Лушка тряхнула головой. Радость была настоящей. За настоящее можно ухватиться. Но остального не может быть. Или я еще в больнице. Вот, это хорошо объясняет: я в больнице, ее привезли, а я не знала.
— Аня…
— Да, да, представляешь?.. — радовалась подруга.
— Анна, почему у тебя не убирают? Почему ты не скажешь санитарке?
— Какая санитарка, ты чего?.. — попытались округлиться заплывшие плотью глаза, но так и не смогли этого сделать.
Лушка провела рукой по лицу. Может, она так хочет спать, что видит сон наяву. На ходу. Нужно проснуться. Нужно проснуться.
— Да. Извини. Я подумала…
— Ну да! — подхватила Марианна. — Да разве они кого-нибудь дадут! У них и для больных-то не хватает!
— Да, да, — кивала Лушка, — да, с этим проблема…
— А я что говорю!.. — возмущенно пожаловалась Марианна. — У меня феномен, а им чихать!

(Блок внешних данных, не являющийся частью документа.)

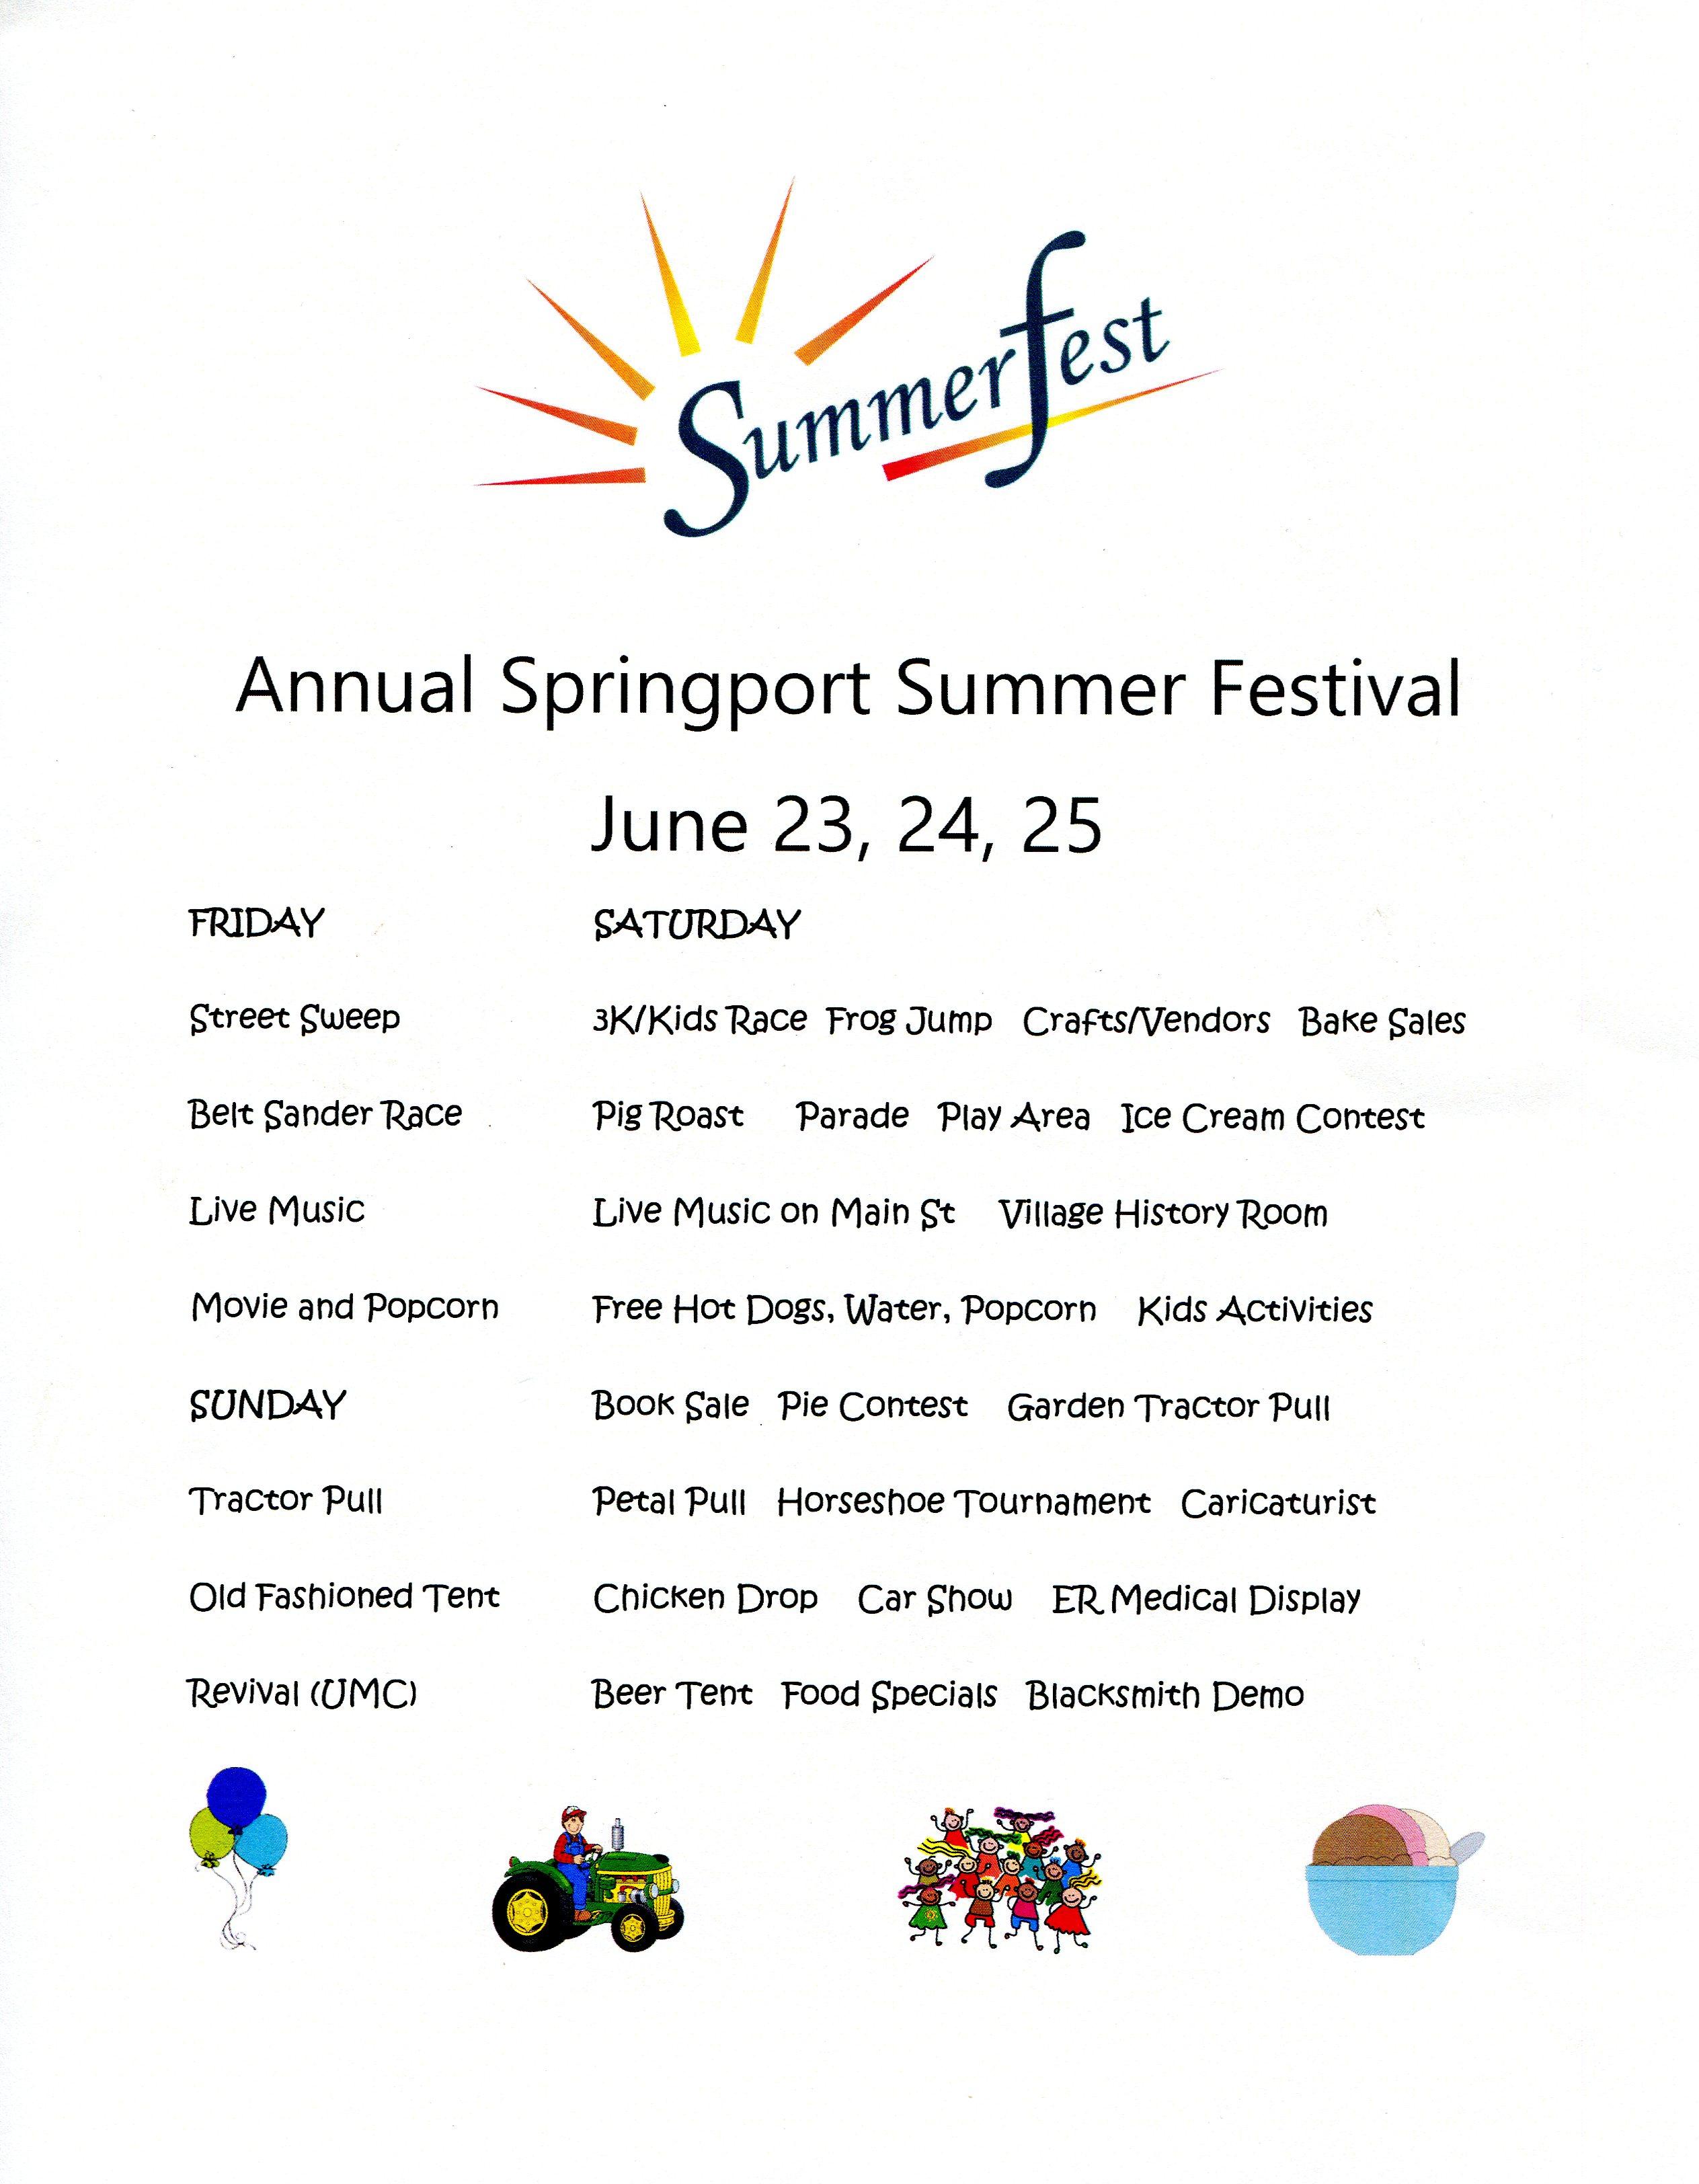 summerfest schedule

— Феномен? — переспросила Лушка.
— Ну да! В газете еще год назад писали! Про меня! Так что между прочим — знай наших!.. Да потом, потом, о делах потом, давай садись! Ну, садись, ну, рассказывай! — снова обрадовалась Лушкиному приходу Марианна.
У Лушки сжалось сердце: и эта радость была настоящей.
Она оглянулась в поисках стула, но все было завалено чем-то невообразимым, и почему-то отовсюду высовывались нестираные трусы.
— Да ты сюда! — Марианна гостеприимно хлопнула ручищей по краю постели.
— Да нет, я тут, — пробормотала Лушка и села на пыльный пол. От ее движения по полу во все стороны покатились невесомо-пыльные шары.
— Ну да, ты всегда на полу любила, — признала Марианна. — Даже мужиков любила на полу.
Марианна хрипло хихикнула, а лицо осталось натянутым, как резиновый мяч.
— Послушай, — проговорила Лушка, поняв, что нет смысла бежать и отворачиваться. Есть смысл только идти навстречу. — Ты… Тебе когда рожать?
— А я знаю?! — колыхнулась подруга. — Четыре года жду — так что теперь наверняка дождусь!
У нее всегда было плохо с арифметикой. Если считать от того Лушкиного забега… А впрочем, четыре или три — это уже не принципиально.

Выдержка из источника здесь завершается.